Maersk announced in March that its first methanol-burning vessel will launch in 2023, seven years ahead of schedule. The company also mooted an order for twelve 15,000TEU methanol-fuelled containerships.

Another advocate is Proman Stena Bulk. The joint venture between shipowner Stena Bulk and methanol producer Proman is planning to build six 50,000dwt tankers with methanol dual-fuel engines for delivery in 2023.

A further three vessels owned solely by Proman, scheduled for delivery in 2022 and 2023, will be traded globally for shipping chemicals and clean petroleum products.

Anita Gajadhar, Managing Director Proman Marketing, Logistics and Shipping, said: “For us, methanol is a proven fuel capable of meeting the shipping industry’s carbon reduction targets. When you look at the long-term pricing, it is competitive when compared to alternatives, like MGO. It is easy to bunker, it is safe to bunker, and it is widely available as a bunker in 122 ports.”

Gajadhar claimed that methanol is currently being traded at a price lower than LNG in some ports, and is less expensive than biofuel, currently traded at US$1,200/t or more.

“Methanol is actually going to be a little bit cheaper than some of the biofuels that are available in the market today…. In terms of CAPEX, it is also a lot cheaper to modify vessels for methanol than it is for LNG,” she said.

Methanol-fuelled newbuilds also cost less than a LNG-burning ship, according to engine builders MAN Energy Solutions and Wärtsilä.

Kjeld Aabo, Director New Technologies two-stroke promotion, MAN Energy Solutions, told attendees that a 54,300m3 capacity product tanker running a methanol-fuelled engine would add about 10% to the newbuild price.

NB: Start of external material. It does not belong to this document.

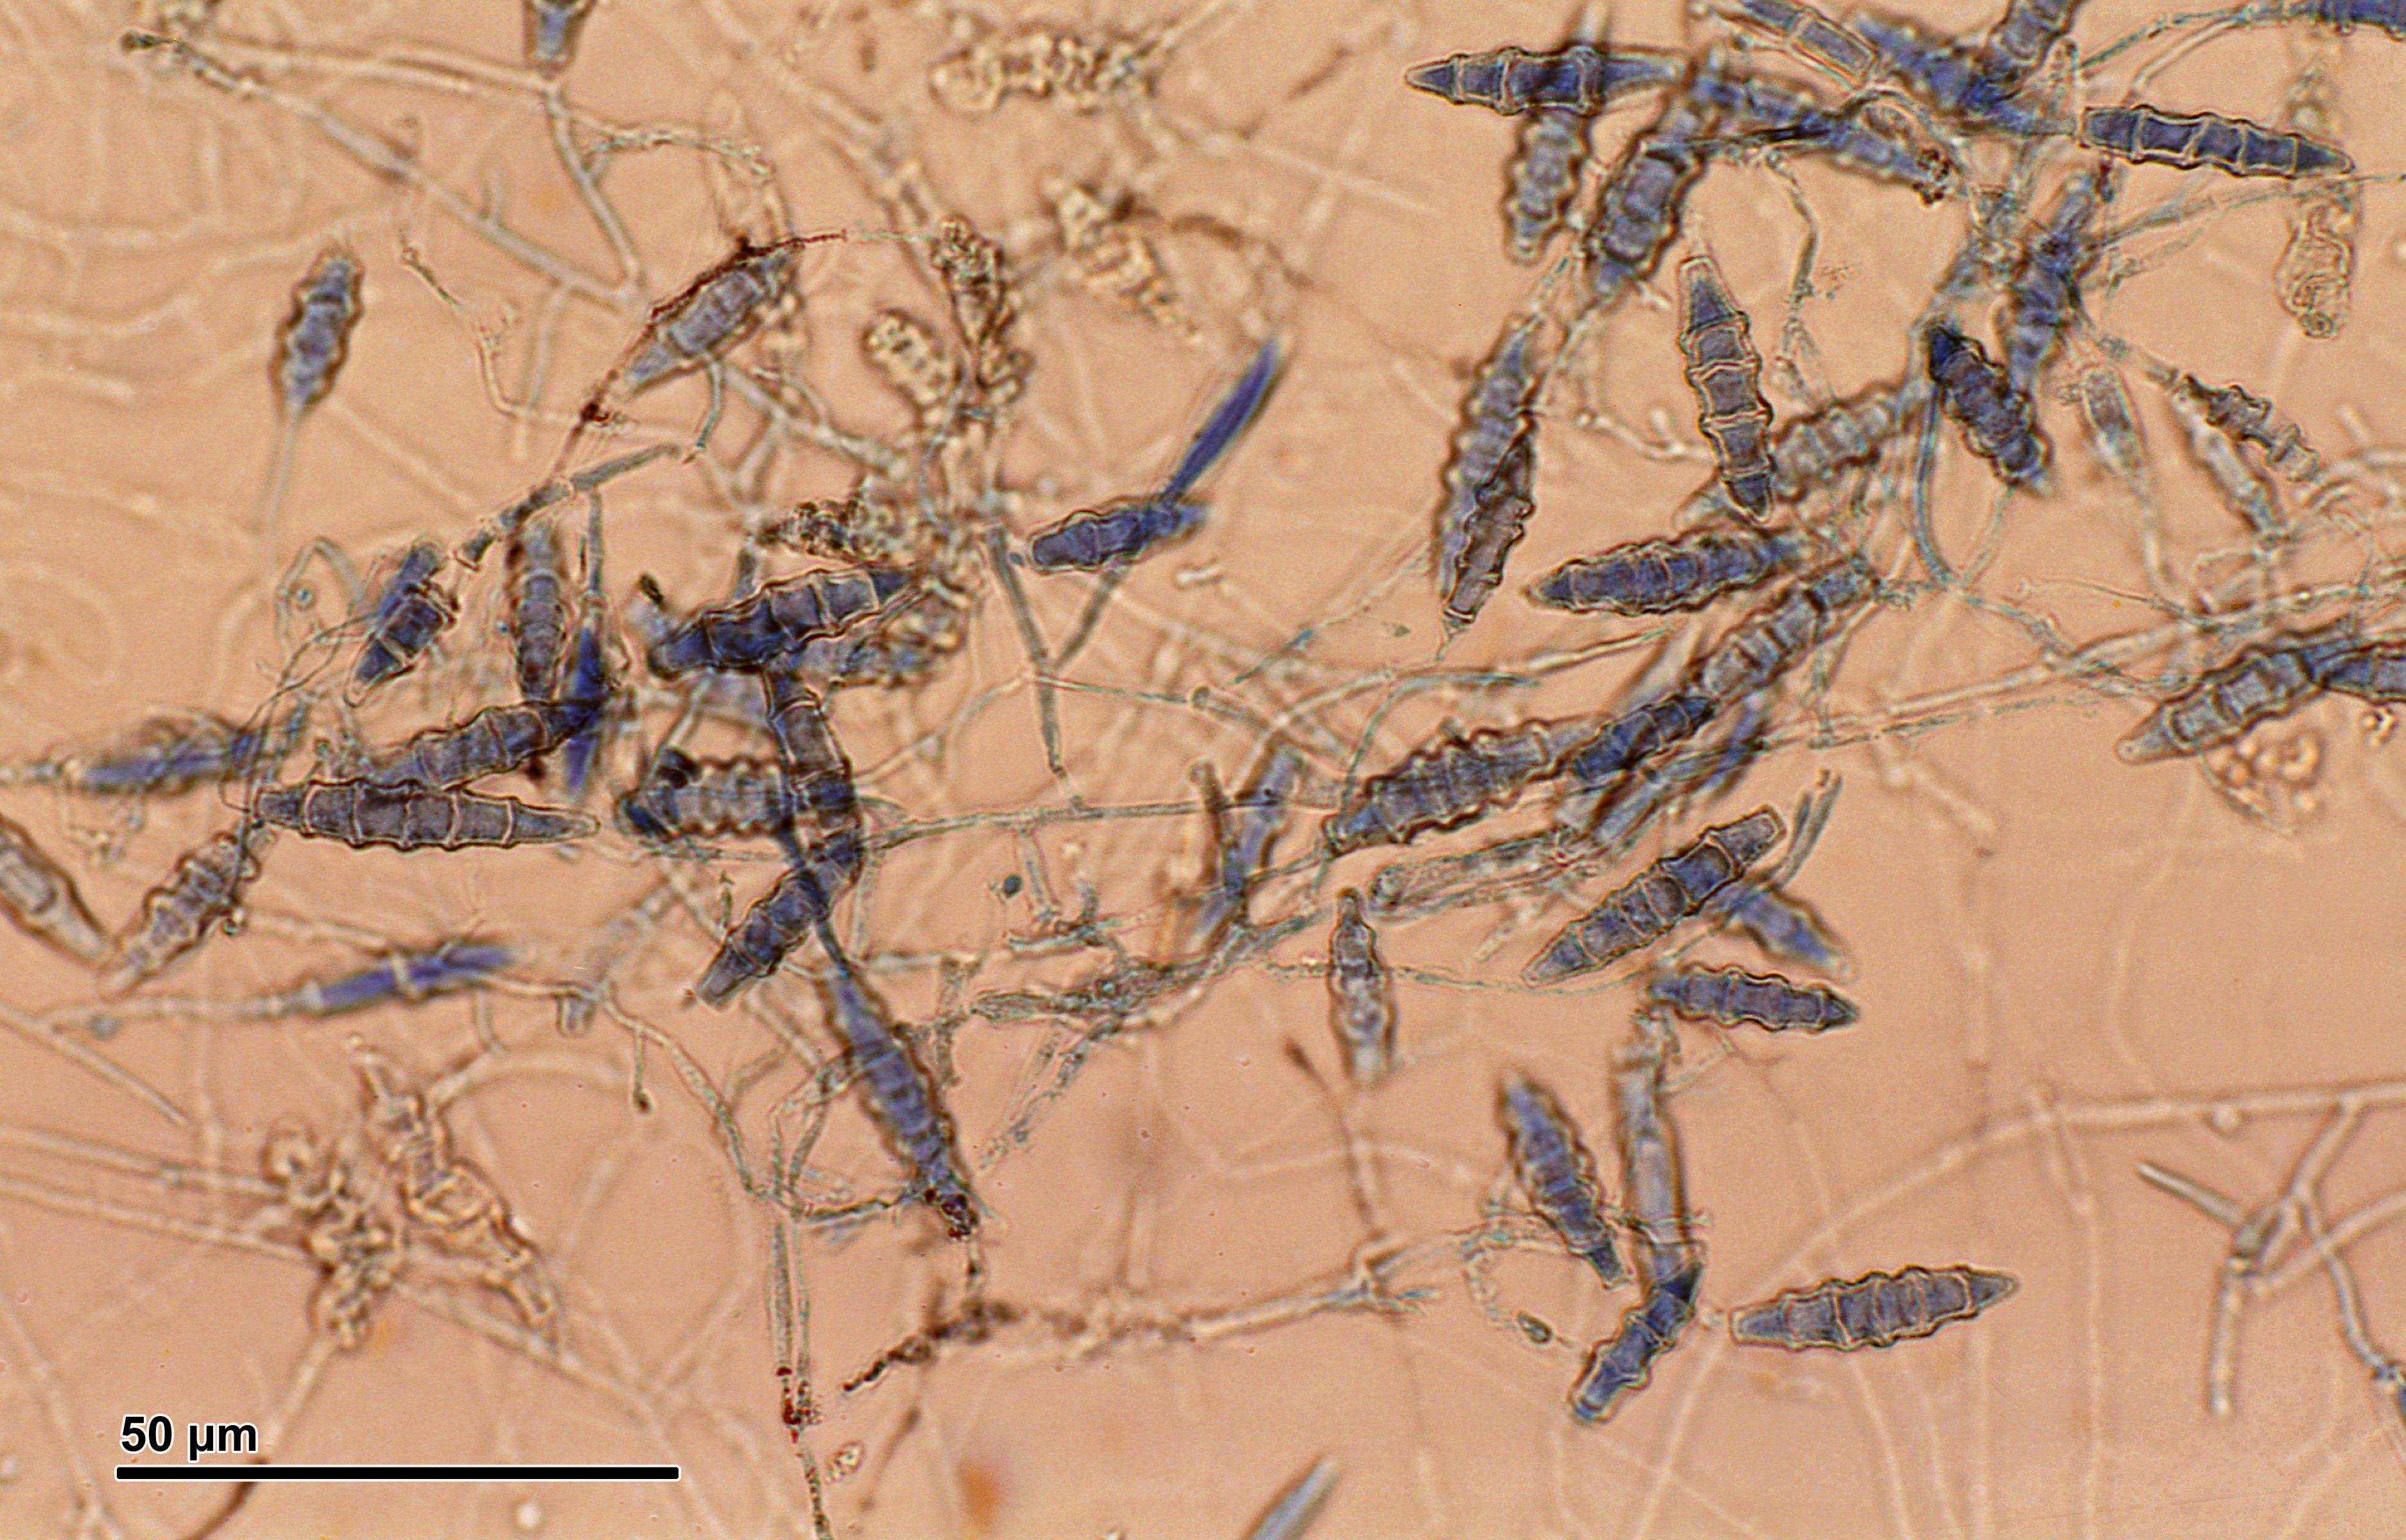 Слика од <i>Microsporum gypseum</i> (E. Bodin) Guiart & Grigoraki 1928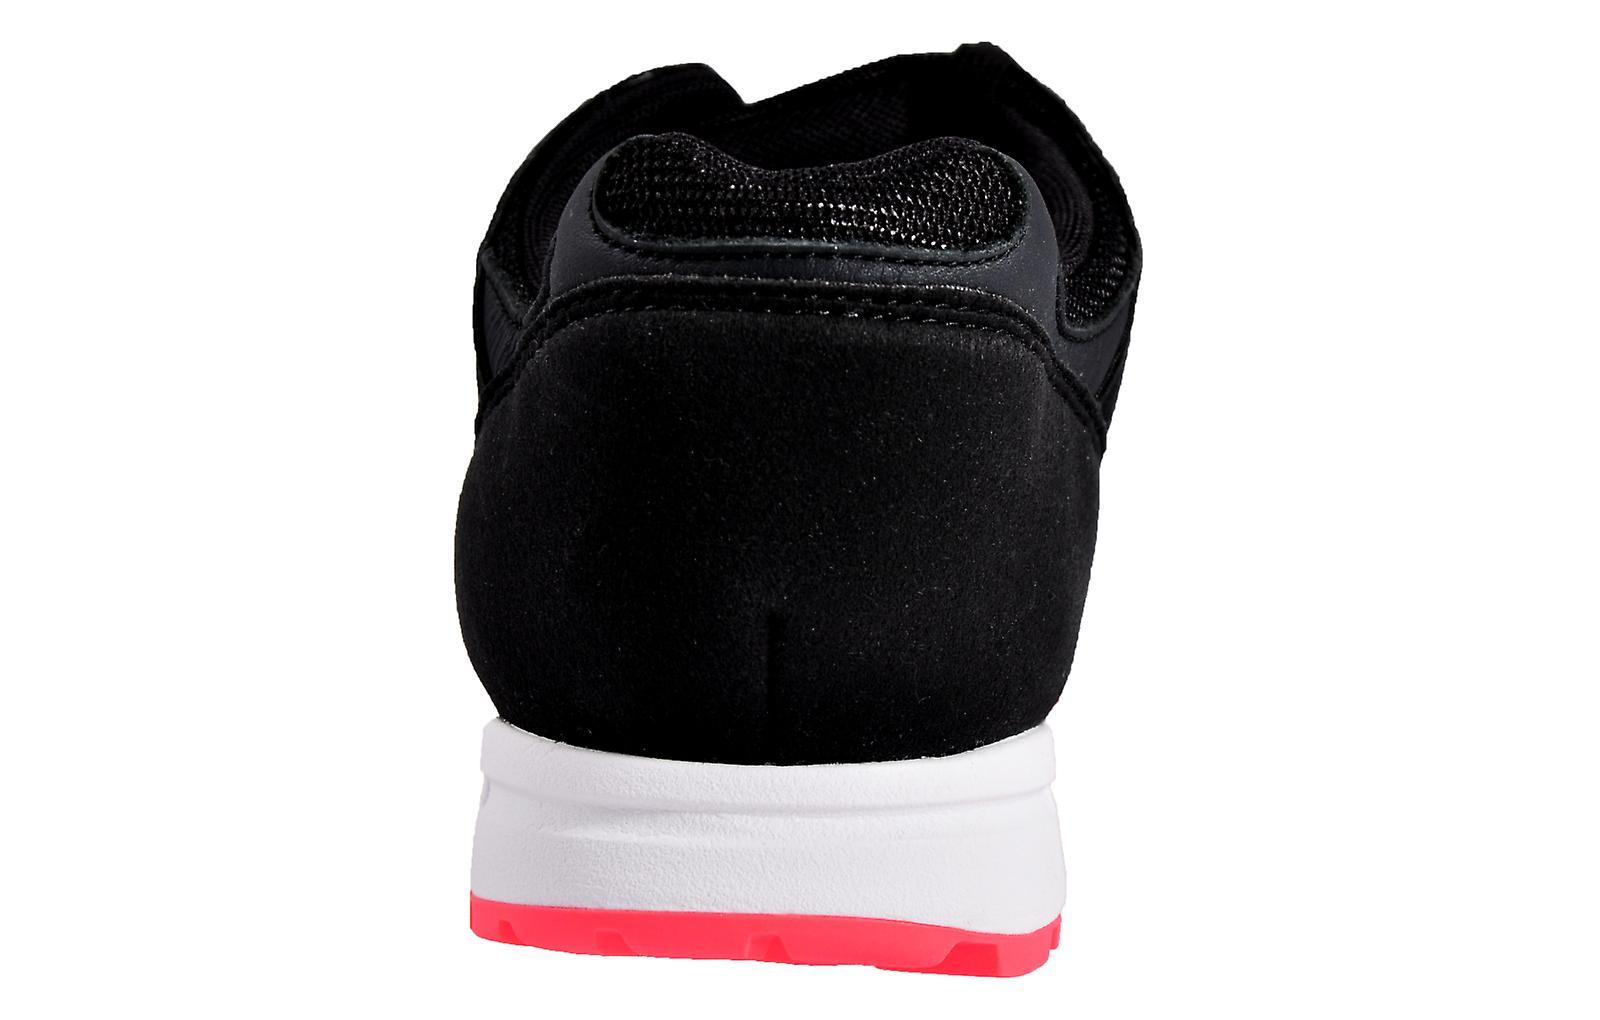 Adidas Originals Equipment Racing 91 Black / White / Pink Red

The same vessel running on LNG would cost 22% more than a conventional HFO-burning ship.

The engine builder, which first unveiled and tested a methanol dual-fuel engine in 2016 and has a current orderbook of 23 ME-LGIM engines, said methanol combustion emits 8% less CO2 than an HFO Tier II engine.

SOx emissions are reduced by 97% and NOx up to 60%. And since the methanol molecule contains no carbon-carbon bonds, it does not produce particulate matter or soot when burned resulting in smokeless operation.

“I really believe there will be a big market for methanol in the future and the technology on the engine side is there,” said Aabo.

Toni Stojcevski, General Manager, Project Sales & Development, Wärtsilä, agreed but warned “if we are going to be compliant in 2050, with a 50% reduction in greenhouse gas emissions, then we need to prepare and start executing today.”

While Wärtsilä introduced a methanol engine in 2013, Stojcevski revealed that the engine builder expects to have an ammonia-fuelled engine operating next year and a pure hydrogen engine in 2025. The company also plans to launch a new methanol-burning engine based on its proven W32 series in late 2023. This will be available for newbuilds and retrofits.

Closing the webinar Dolan said: “Methanol engines are available. The fuel is available. The infrastructure is there and it’s affordable. We can act now.”